Erdbebenopfer in Südasien - Hilfeaufruf *UPDATE2*
Vielen vielen DankTimo Bieber, winfuture.de.
Zu den am schwersten von der Flutkatastrophe in Asien
betroffenen Gebieten zählt die indonesische Provinz Aceh. Die gesamte Region sei
geradezu ausgelöscht worden, beschrieb der Militärkommandeur des Gebietes,
Generalmajor Endang Suwarna, die Lage vor Ort. Insgesamt rechnen die Behörden in
Indonesien mit knapp 80.000 Toten.
Menschen kämpfen um Lebensmittellieferungen
In der Provinzhauptstadt Acehs und anderswo in der Region säumen nach Berichten
von Korrespondenten weiterhin zahlreiche Leichen die Straßen. Soldaten
verscharren die Toten in eilig ausgehobenen Massengräbern. Die
Gesundheitsbehörden teilten mit, es würden tausende weitere Helfer benötigt, um
die Gesundheitsgefahren durch verwesende Leichen einzudämmen. Die Lage der
Überlebenden wird unterdessen immer prekärer. In Banda Aceh kämpften die
Menschen um Lebensmittelpakete, die von Flugzeugen abgeworfen wurden.

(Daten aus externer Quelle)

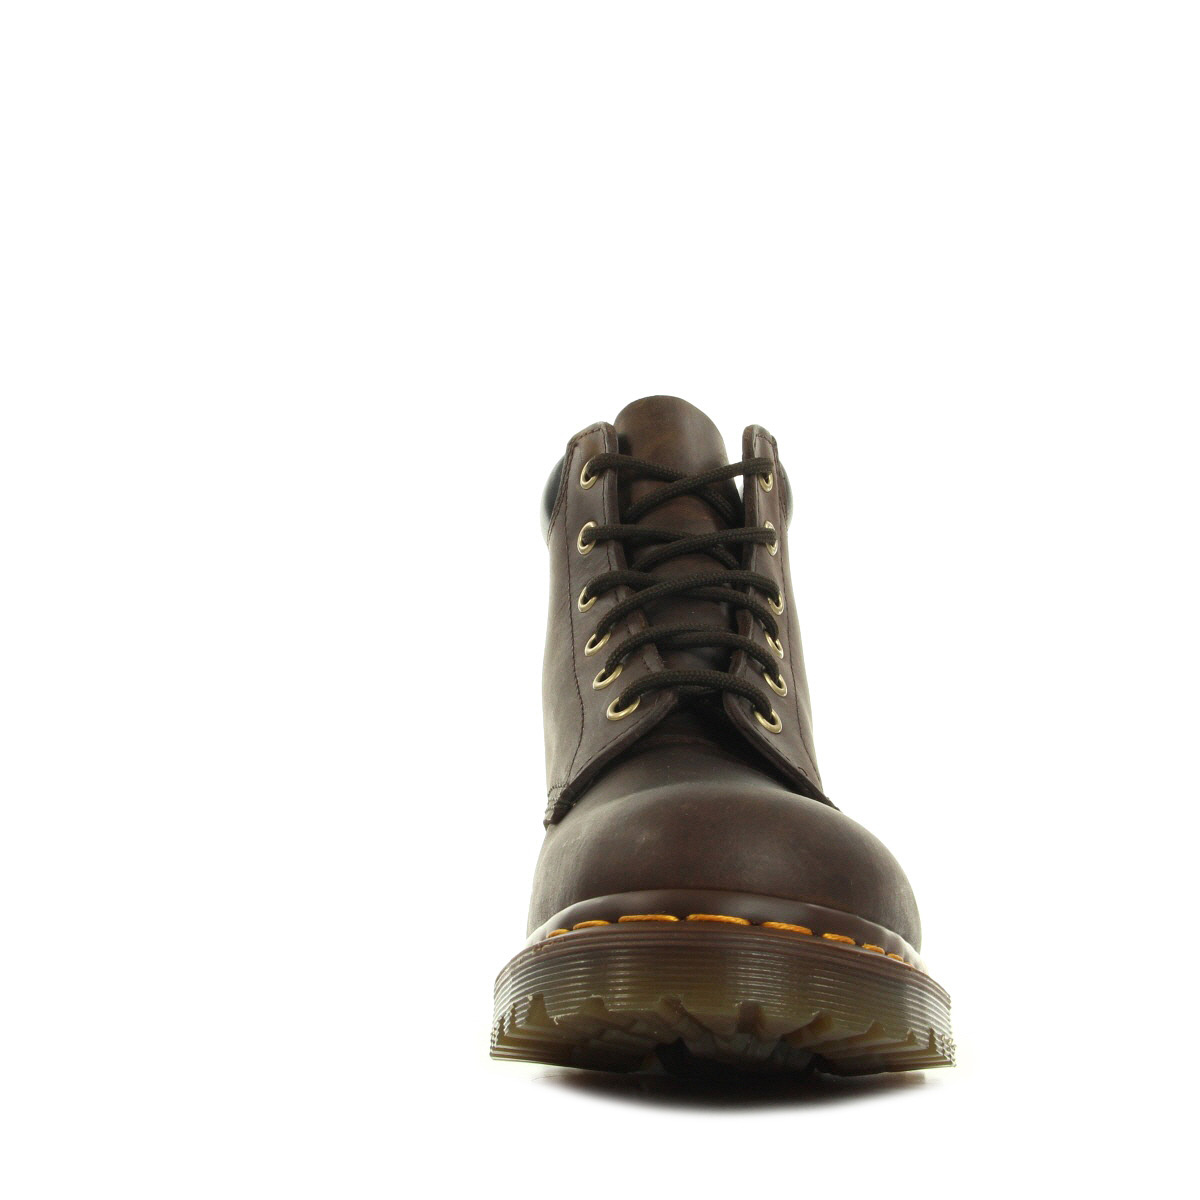 Dr. Martens 939 Ben Boot Crazy Horse Gaucho 11292201, Boots homme

Die internationale Hilfe kommt jedoch nur langsam in Gang.
"Es braucht vielleicht weitere 48 bis 72 Stunden, bis wir den zehntausenden
Menschen helfen können, die lieber heute oder gestern Unterstützung erhalten
hätten", sagt der UN- Untergeneralsekretär für humanitäre Nothilfe, Jan Egeland.
Die Ausgangslage für die ankommenden Helfer ist umso schwieriger, da Jakarta
wegen des schwelenden Bürgerkriegs in Aceh schon vor einiger Zeit alle
internationalen Hilfsorganisationen aus der Provinz wies. "Sie hätten eigentlich
eine Anlaufstation nötig", sagt Rizal Sukma vom Zentrum für Internationale und
Strategische Studien in Jakarta. "So müssen die Einsatzkräfte bei Null
beginnen."
(Bilder copyright bei www.tagesschau.de)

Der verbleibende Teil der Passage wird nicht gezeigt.